3. We reserve, without limitation, all of our exploitation rights under property and copyright laws in quotations, drawings and other documents (referred to below as “Documents”). Third-party access to Documents is permitted only if we give our approval in advance, and Documents must be returned to us immediately on request if the order is not placed with us. Sentences 1 and 2 above apply as appropriate to Documents of the Customer; we are, however, permitted to grant access to these by third parties which we are allowed to involve in fulfilling the contract.
4. The Customer has the non-independent right to use standard software with the stipulated user facilities in unmodified form on the agreed equipment. The Customer may create two backup copies without express agreement.
II. Making of contract, content of contract and performance of contract
1. The products and services listed in our catalogs and on our homepage do not constitute offers that are binding on us; they are rather invitations to the Customer to submit a binding offer to us by placing an order. If feno GmbH makes a binding offer to a Customer who is not present, it can only be accepted by the Customer within the period as defined by § 147 II of the German Civil Code [BGB].
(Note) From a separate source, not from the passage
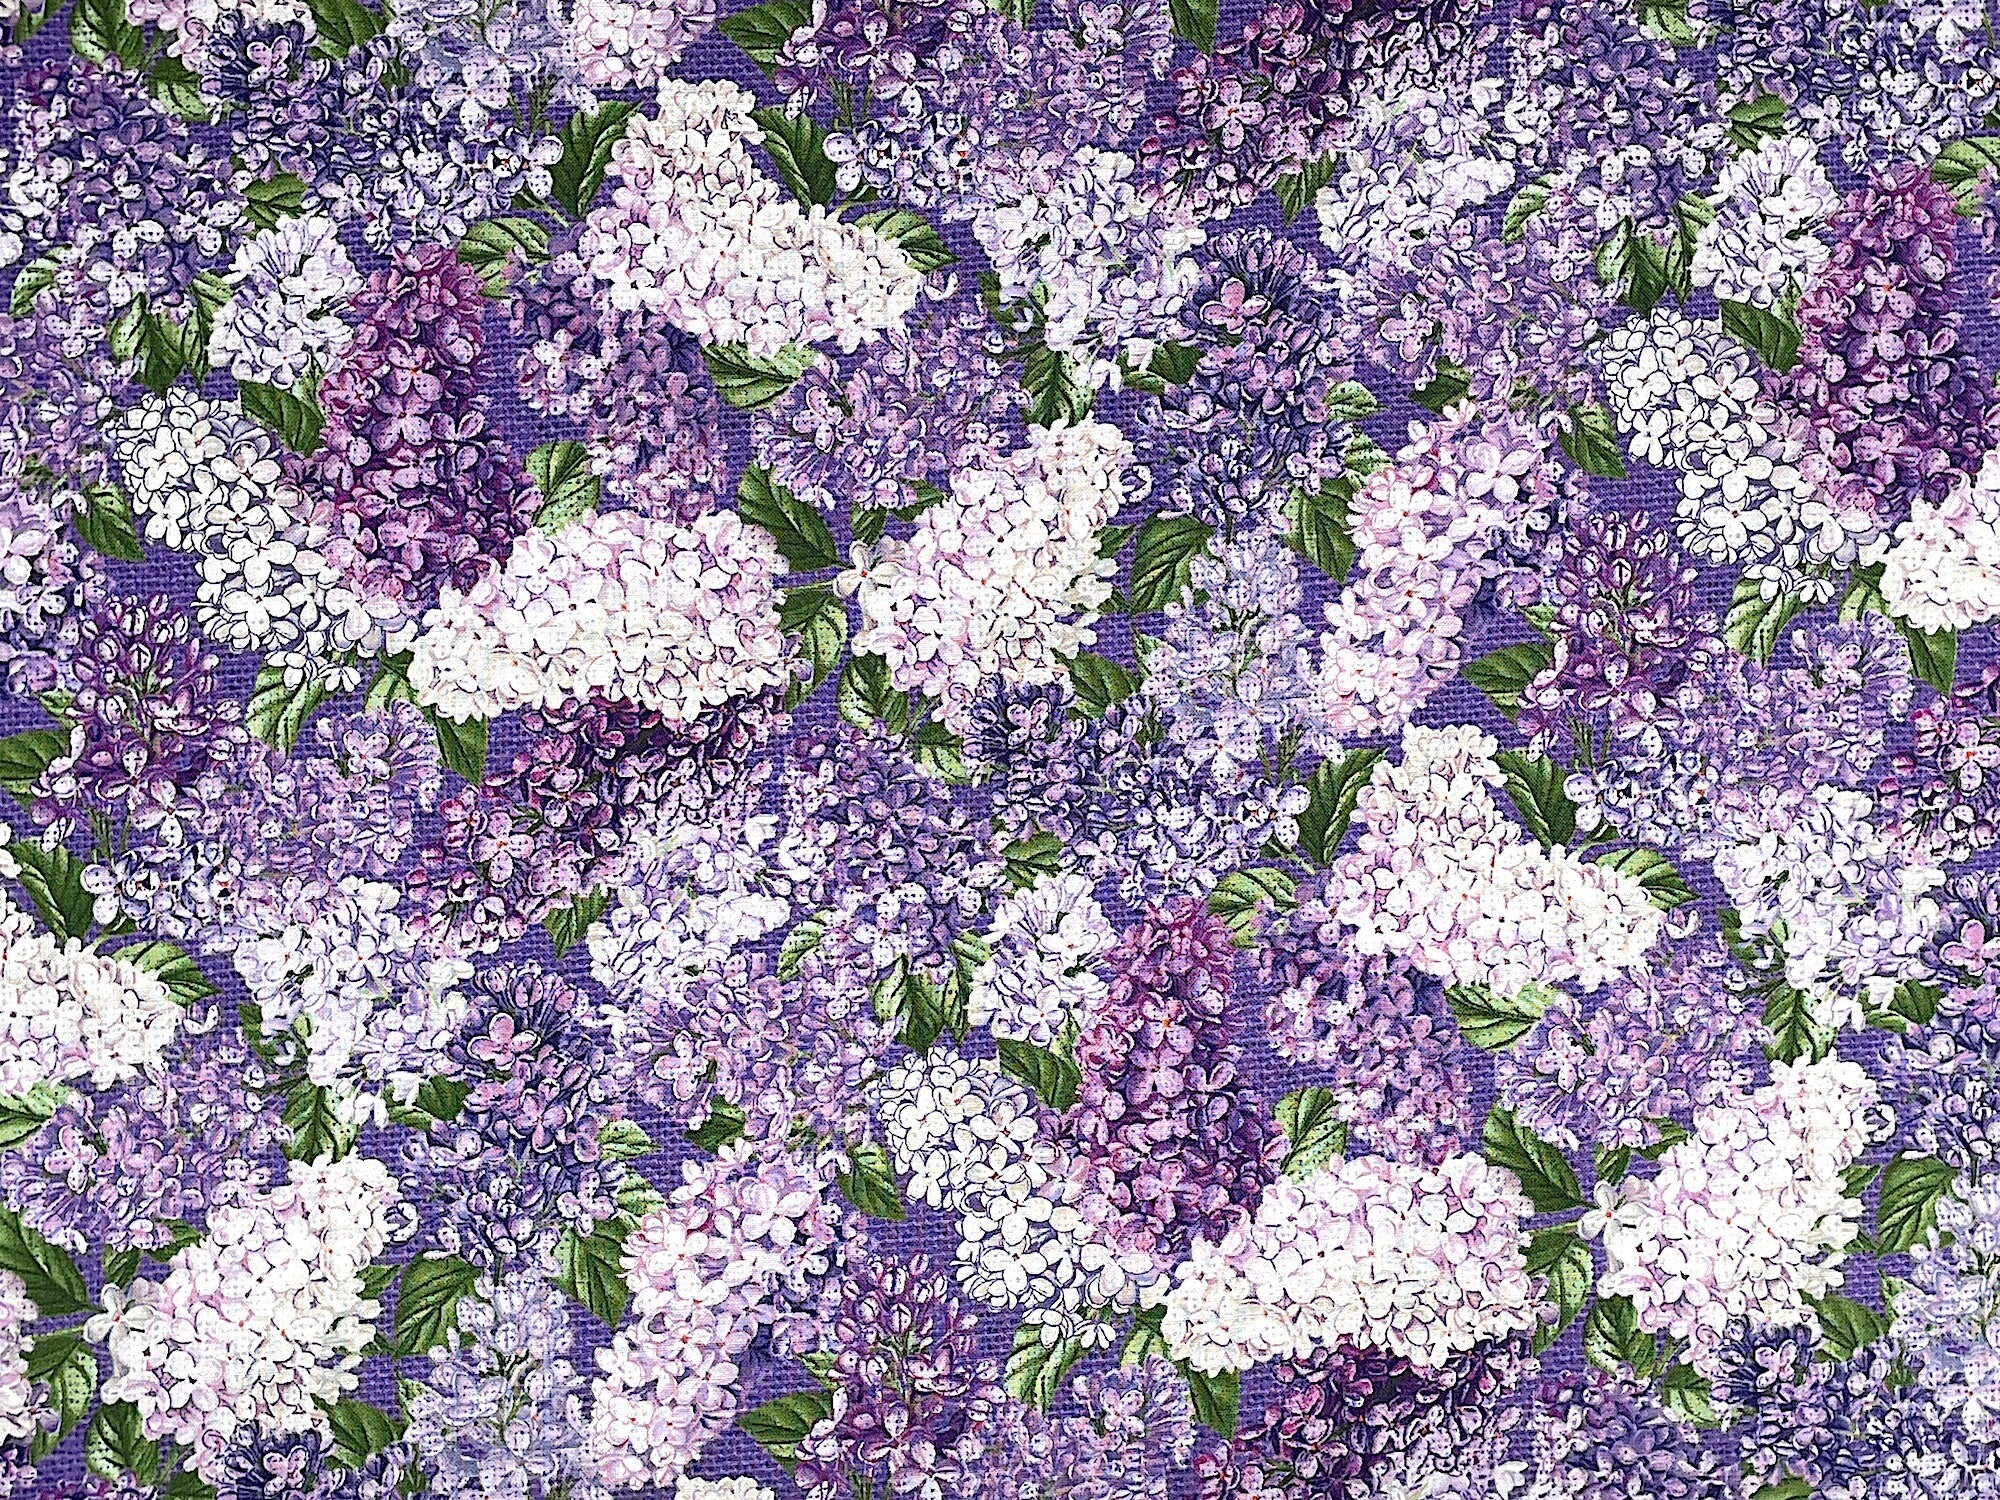 Purple cotton fabric covered with lilacs that are shades of purple and white.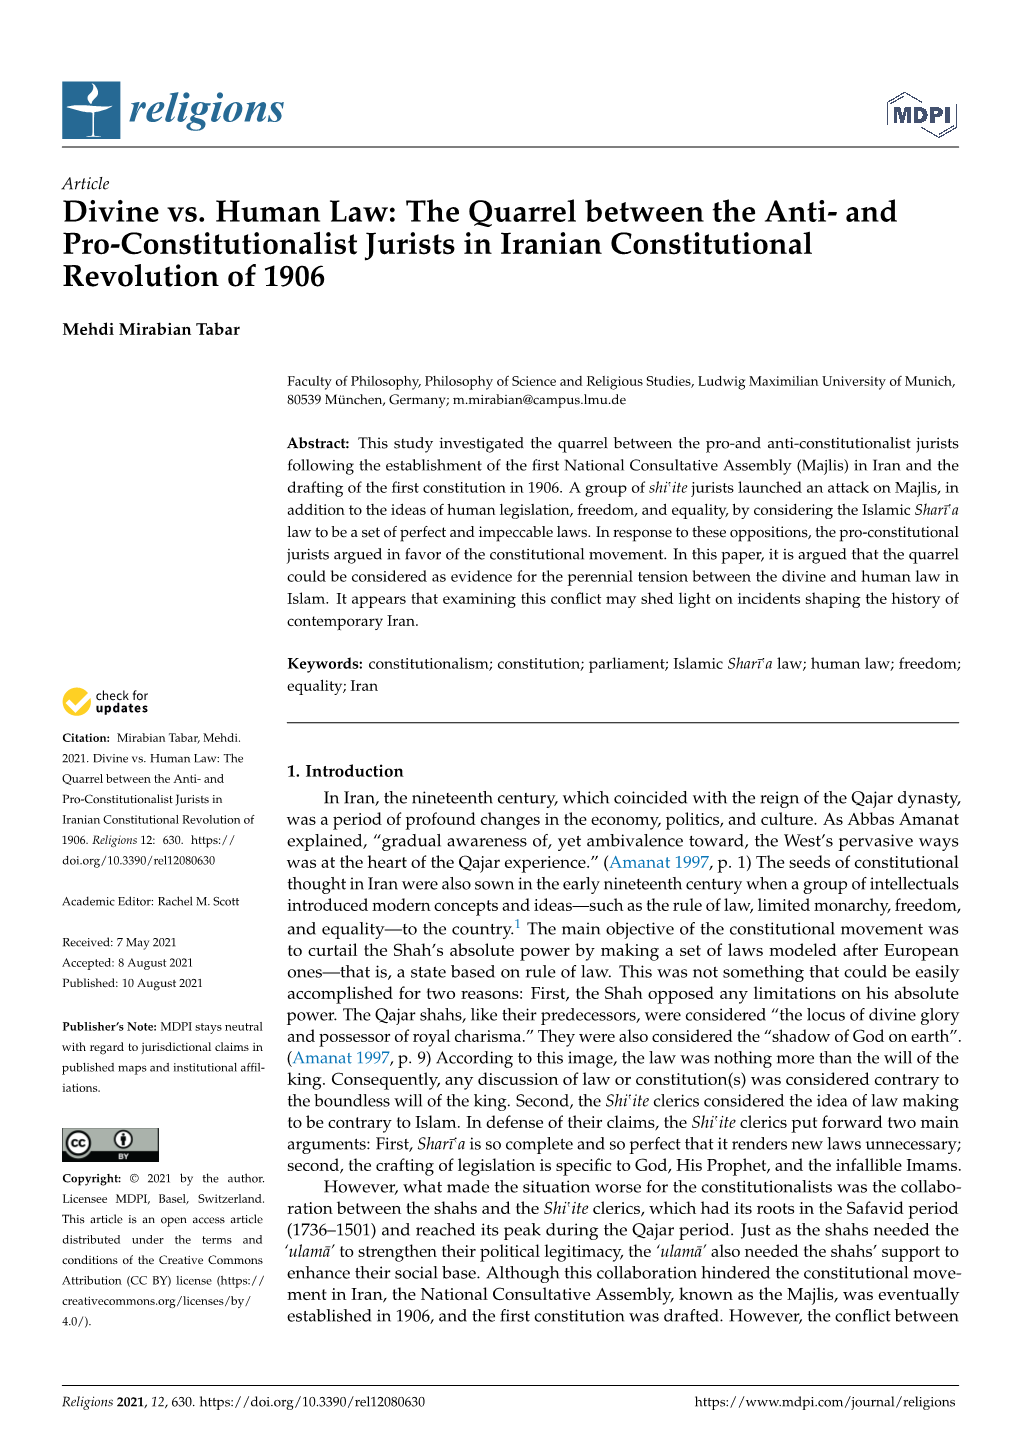 The Quarrel Between the Anti- and Pro-Constitutionalist Jurists in Iranian Constitutional Revolution of 1906

2. By placing an order for goods, the Customer makes a binding declaration of its intent to purchase the goods; by contracting with feno GmbH, the Customer makes a binding declaration of its intent to receive the service(s) in question. We have the right to accept the contract offer inherent in the order within two weeks of it being received by us. Acceptance may be confirmed either in writing or by delivery of the goods to the Customer.
3. Statements, plans and other data of the Customer may be taken in their entirety as a basis for the order or contract. The Customer is solely responsible for the accuracy of statements made by it. The Customer is obliged to satisfy itself of the completeness and accuracy of the service or product offered, and is personally responsible for verifying their suitability for the intended use. We are not under any obligation to verify statements made by the Customer.
III. Prices, payment terms, set-off, retention of goods
1. Prices are ex-works, exclusive of packaging, plus statutory value-added tax at the current rate.
2. Payments must be made within 30 days from the invoice date net at the payments office of feno GmbH.
3. The Customer may only set off debt claims if they are undisputed, established to be legally valid or ripe for judgment.
4. In the case of contracts with merchants, as defined by §§ 1 ff. of the German Commercial Code [HGB], which have made the contract for the running of their own business, the Customer may only withhold payments if the counterclaim on which the right to withhold performance is based is undisputed, established to be legally valid or ripe for judgment.
IV. Reservation of title and secondary obligations
1. In the case of contracts with Customers which have made the contract as Consumers, we retain title in the goods until the purchase price has been settled in full, or until the agreed consideration has been paid. In the case of contracts with merchants as defined in §§ 1 ff. HGB, which have made the contract for the running of their own business, we retain title in the goods until all debt claims arising from an ongoing business relationship have been discharged in full. Once the value of all security rights attributable to us amounts to more than 150% of all secured claims, we will, if the Customer so wishes, release that part of the security rights which is over 150%.
2. While the reservation of title is in effect, the Customer is forbidden to give a pledge or effect a transfer by way of security. The Customer is obliged to advise us immediately of any access to the goods by third parties, such as in the event of seizure, confiscation or other disposition or encroachments by third parties, as well as any damage to or destruction of the goods. The Customer must advise us immediately of a change of ownership of the goods, and of any change of its own domicile. The Customer must handle the goods with due care. Where there are mandatory maintenance and inspection requirements, the Customer must carry these out at its own expense. If this obligation is not met, we have a right to cancel the contract in accordance with Section VI. Subsection 1.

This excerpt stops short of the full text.